───── RECORD EXCERPTS ─────
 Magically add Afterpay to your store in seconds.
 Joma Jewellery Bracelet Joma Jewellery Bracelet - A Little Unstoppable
─────
───── RECORD EXCERPTS ─────
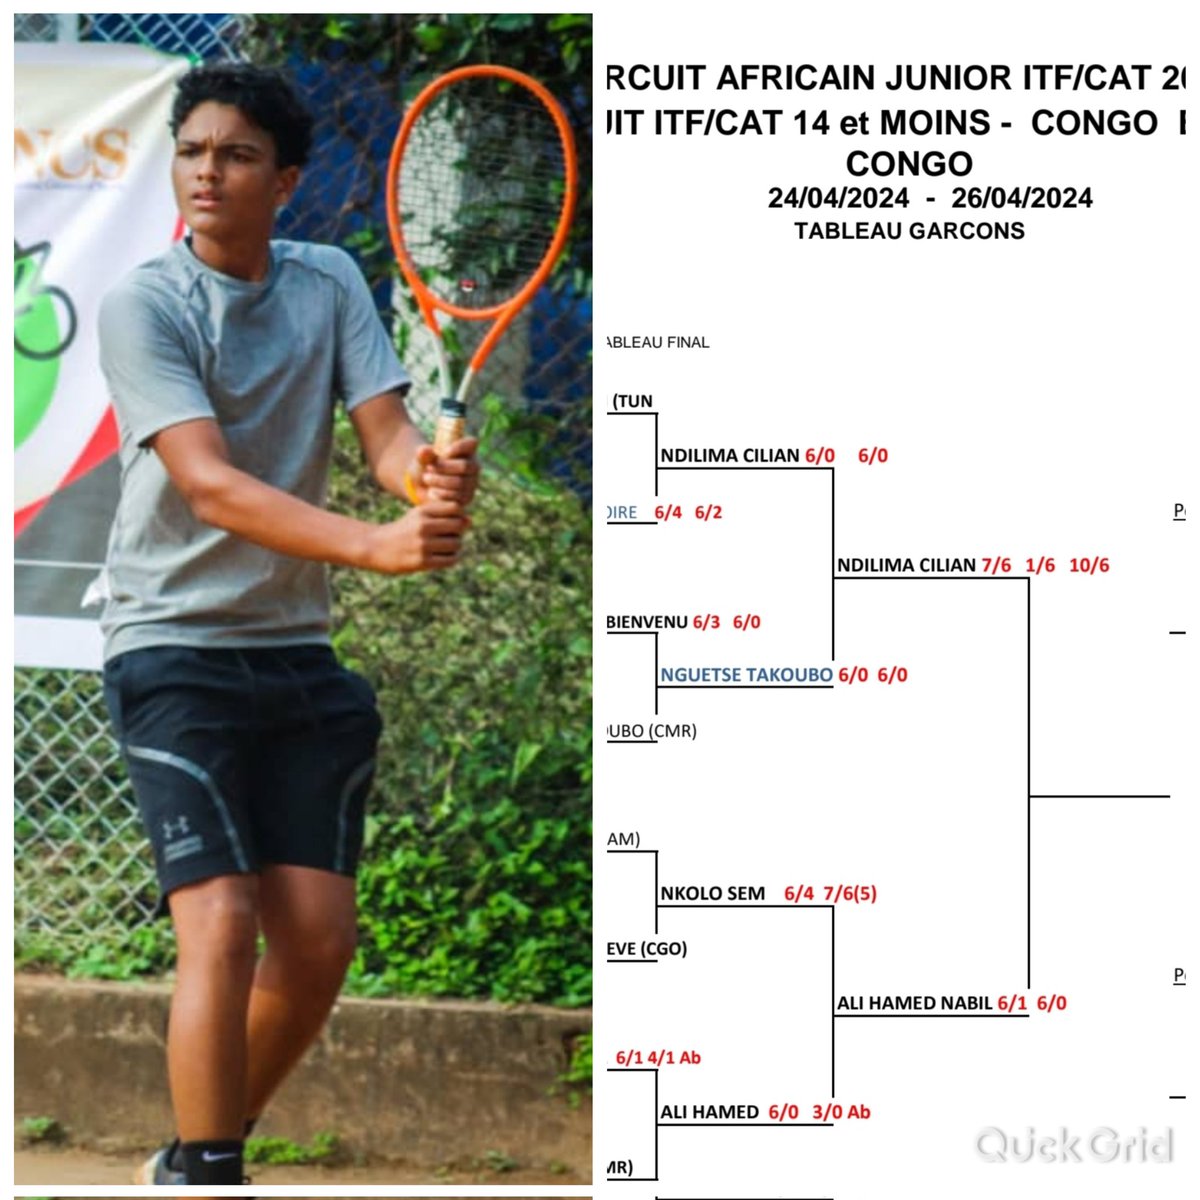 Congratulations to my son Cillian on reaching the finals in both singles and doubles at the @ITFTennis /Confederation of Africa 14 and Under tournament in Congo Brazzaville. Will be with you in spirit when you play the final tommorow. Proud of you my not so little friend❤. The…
─────
───── RECORD EXCERPTS ─────
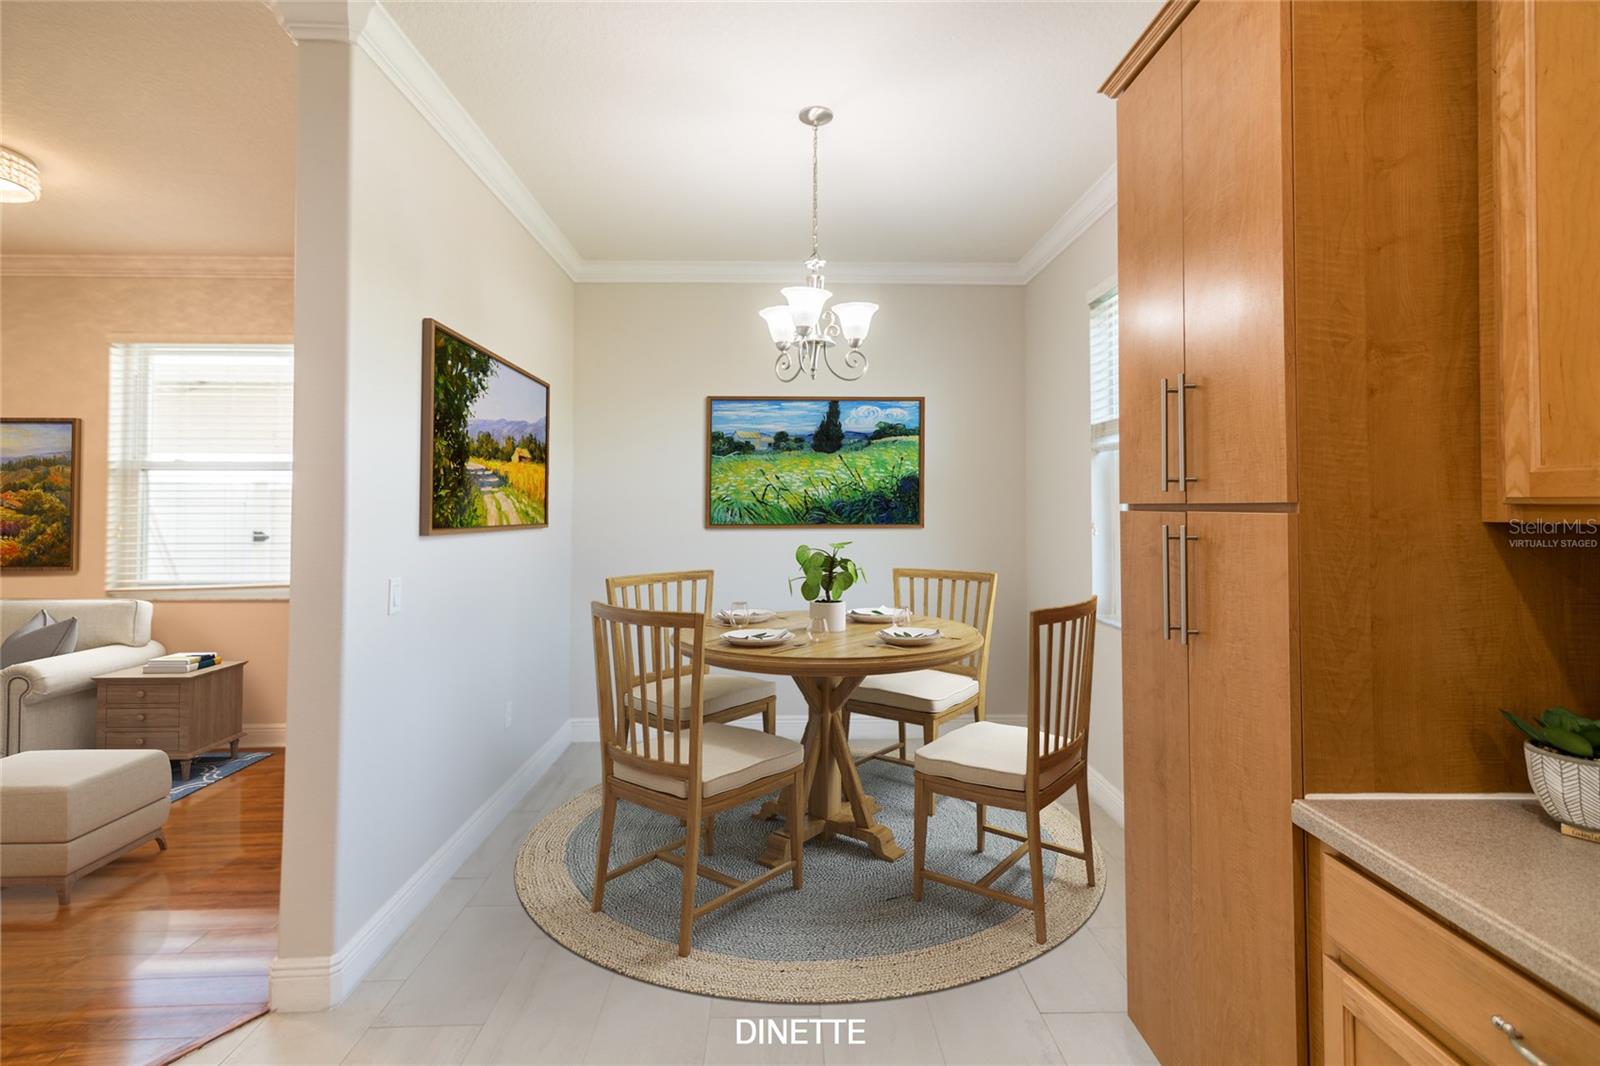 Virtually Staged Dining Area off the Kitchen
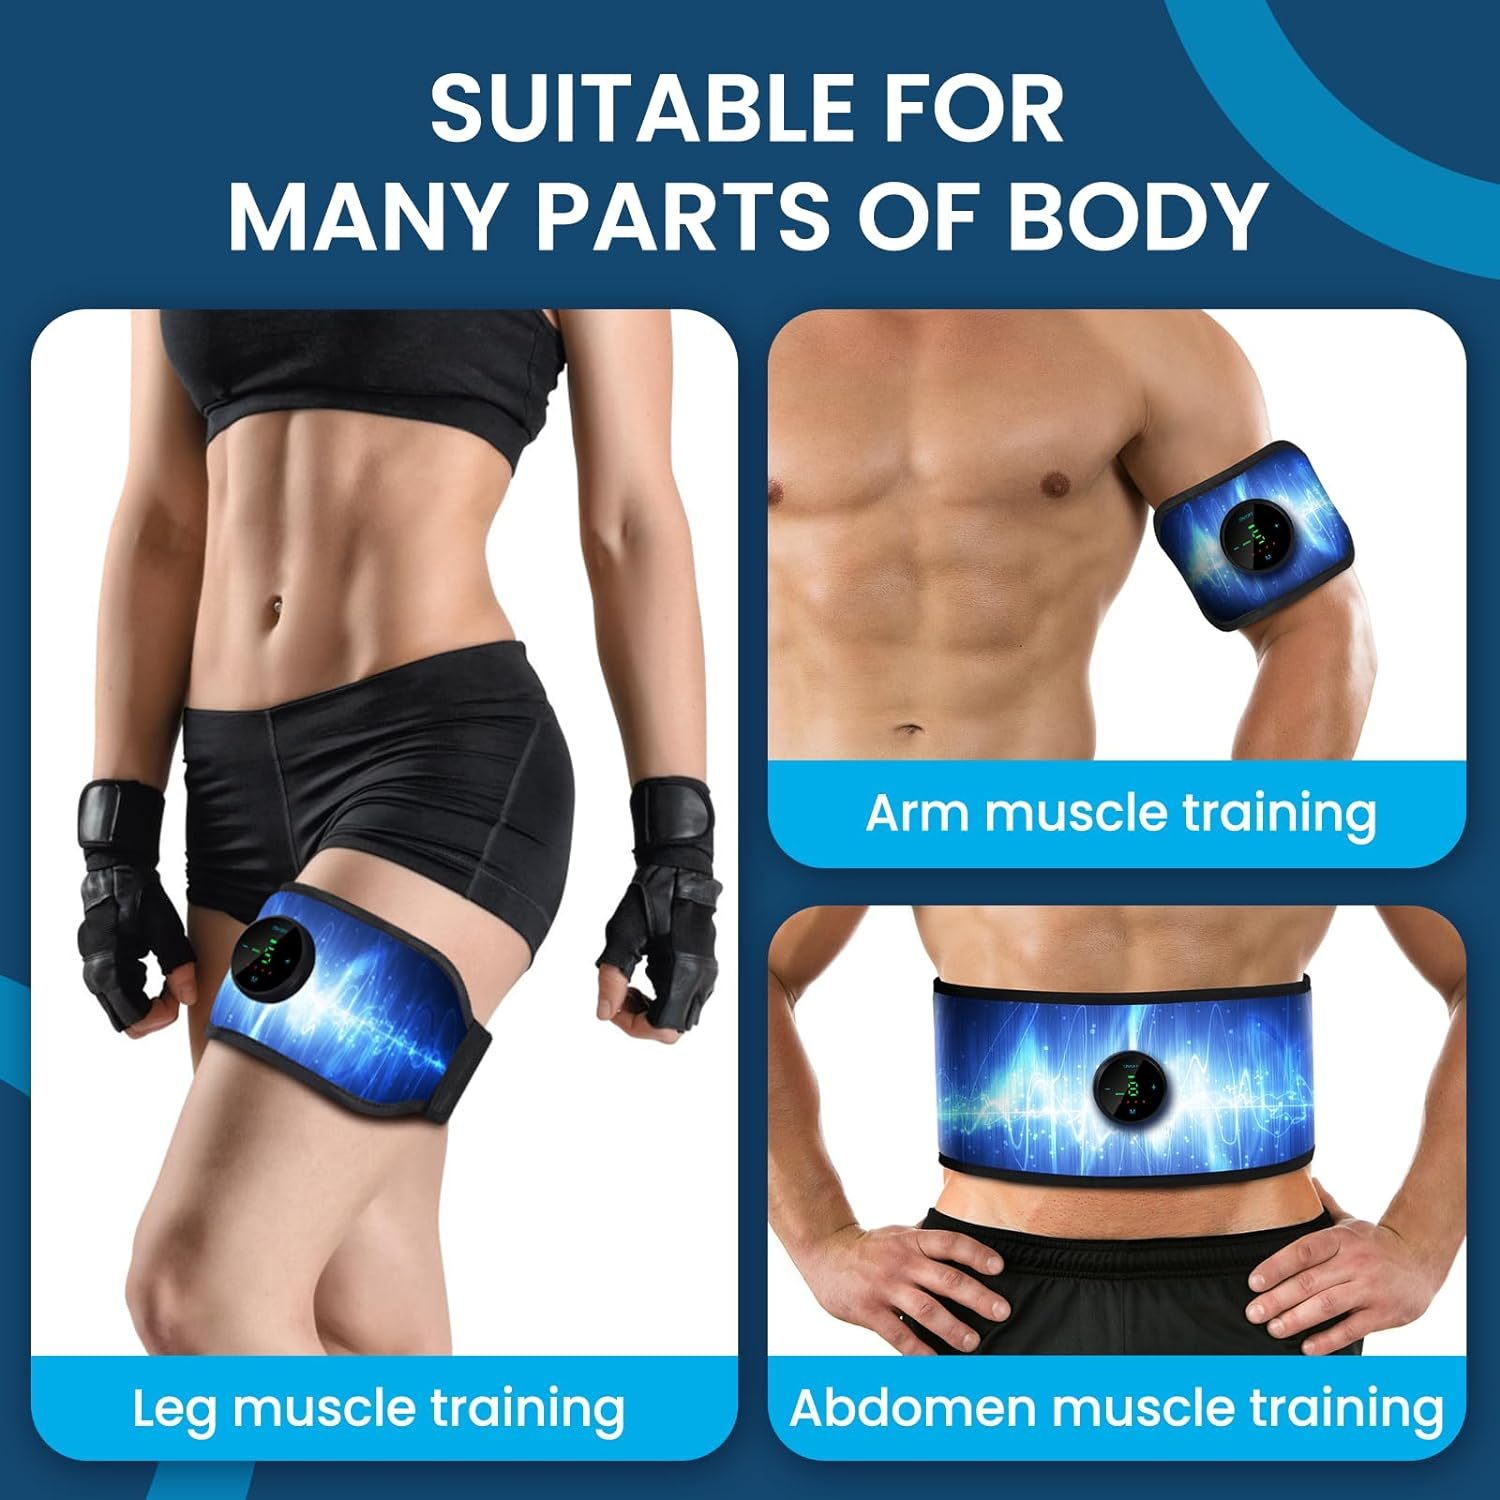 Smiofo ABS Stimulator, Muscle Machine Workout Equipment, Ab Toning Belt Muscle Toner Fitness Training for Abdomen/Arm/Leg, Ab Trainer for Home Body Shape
─────
#### EXERCISE OBJECTIVE:
Repeat the entries above verbatim, but only from the line that has "Magically add Afterpay" down to the line that has "Joma Jewellery Bracelet Joma", inclusive.

#### SOLUTION TO THE EXERCISE:
 Magically add Afterpay to your store in seconds.
 Joma Jewellery Bracelet Joma Jewellery Bracelet - A Little Unstoppable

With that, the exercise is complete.